Integrating “That Switch” mod for easier activation of the Reface CP’s hidden Grand Piano patch:
- Remove the spacer next to the Tremolo Depth knob and LED from the control circuit board
- Drill a 5mm hole into the front panel and insert a switch
- Cut the control wire for the selector switch, and connect the ends to the switch
No worries, I’ll go into more of the details as we proceed.
How it works
The “Grand Piano” mode is activated whenever the instrument is switched on with no sound selected – meaning that you can activate it by jockeying the sound selector to a position in between switches before turning it on. It seems to be a test mode Yamaha wasn’t itself fully aware of, but for that, it’s really nice.
These rotary switch gymnastics are nothing you would like to use on stage, as the switch may leave its undefined position any time, and I think it’s not good for the switch either. So soon there were mods disconnecting the toy piano sound that many people don’t like. A much more elegant solution was pioneered by u/lintmachine on Reddit: Add a switch to the panel, and use it to disconnect the switch (or a line of the switch) whenever needed. I basically stuck to that recipe but I think that my way of patching in the switch is easy and elegant.
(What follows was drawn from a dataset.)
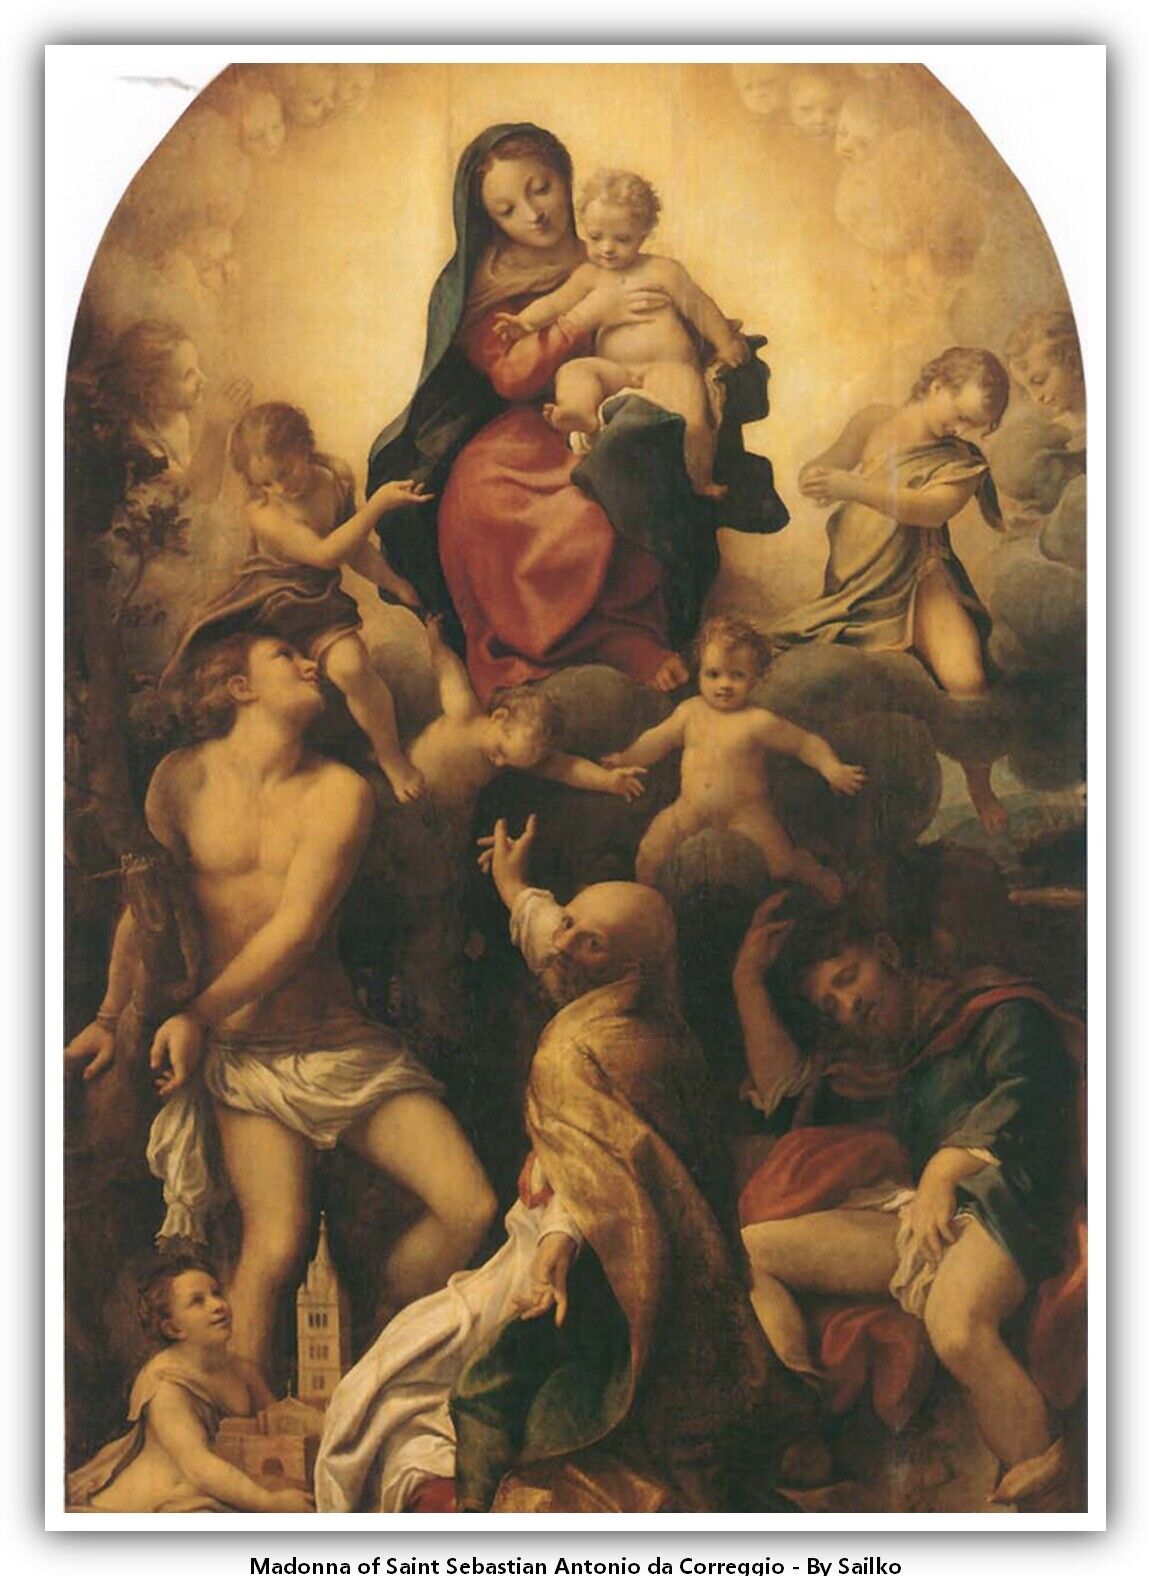 Madonna of Saint Sebastian Antonio da Correggio

Putting an additional switch in the front panel
Take the Reface apart. Yes. three types of screws, and MANY of them.
Unplug the cables for the panel in the top of the housing. Once you have removed the panel electronics (18 type 2 screws, knobs and switches can just be pulled of, don’t forget to remove the screws for the the existing rocker switches), you can turn it around and remove one of the plastic spacers. They are just clipped in and can be taken out with (1) a flat screwdriver (2) ease.
Get a rocker switch to match the Reface CP’s aesthetic. Bend its pins. Solder two thin wires of approx. 10cm length to the switch. Drill a hole in the front panel into the center of that blank space where the spacer was sitting.
The wires will be led through the notch for the single screw on the front edge, away from the LED. Before reattaching the PCB, take a small file and create a small notch for the cables. Be careful not to mess up the PCB like I did; luckily the ground lane is connected well enough so that I did not do any damage I had to repair. It might also be a good idea to insulate the pins of the switch, and make sure that it does not create pressure on the PCB by being too high. If everything fits well, reattach the PCB, all 18 screws.
The Final Cut
I’ll need you to cut the red wire now! No, seriously, like in Juggernaut (1974). The red wire we are going to cut is the one connecting the rotary sound selector switch, so unless That Switch bridges the cut, the sound selector is disabled. Look at the Reface service manual, page 45; it’s line S(0), and it is easy to find as it is connected via a red cable.
Unfortunately, there are two of them.
The one we need is the one leading from the connector on the left side of the panel PCB all the way to the front connector to the main board; look at the video above. In any case, just reconnect the two ends via the switch – and you are done:
Your Reface now also has – That Switch.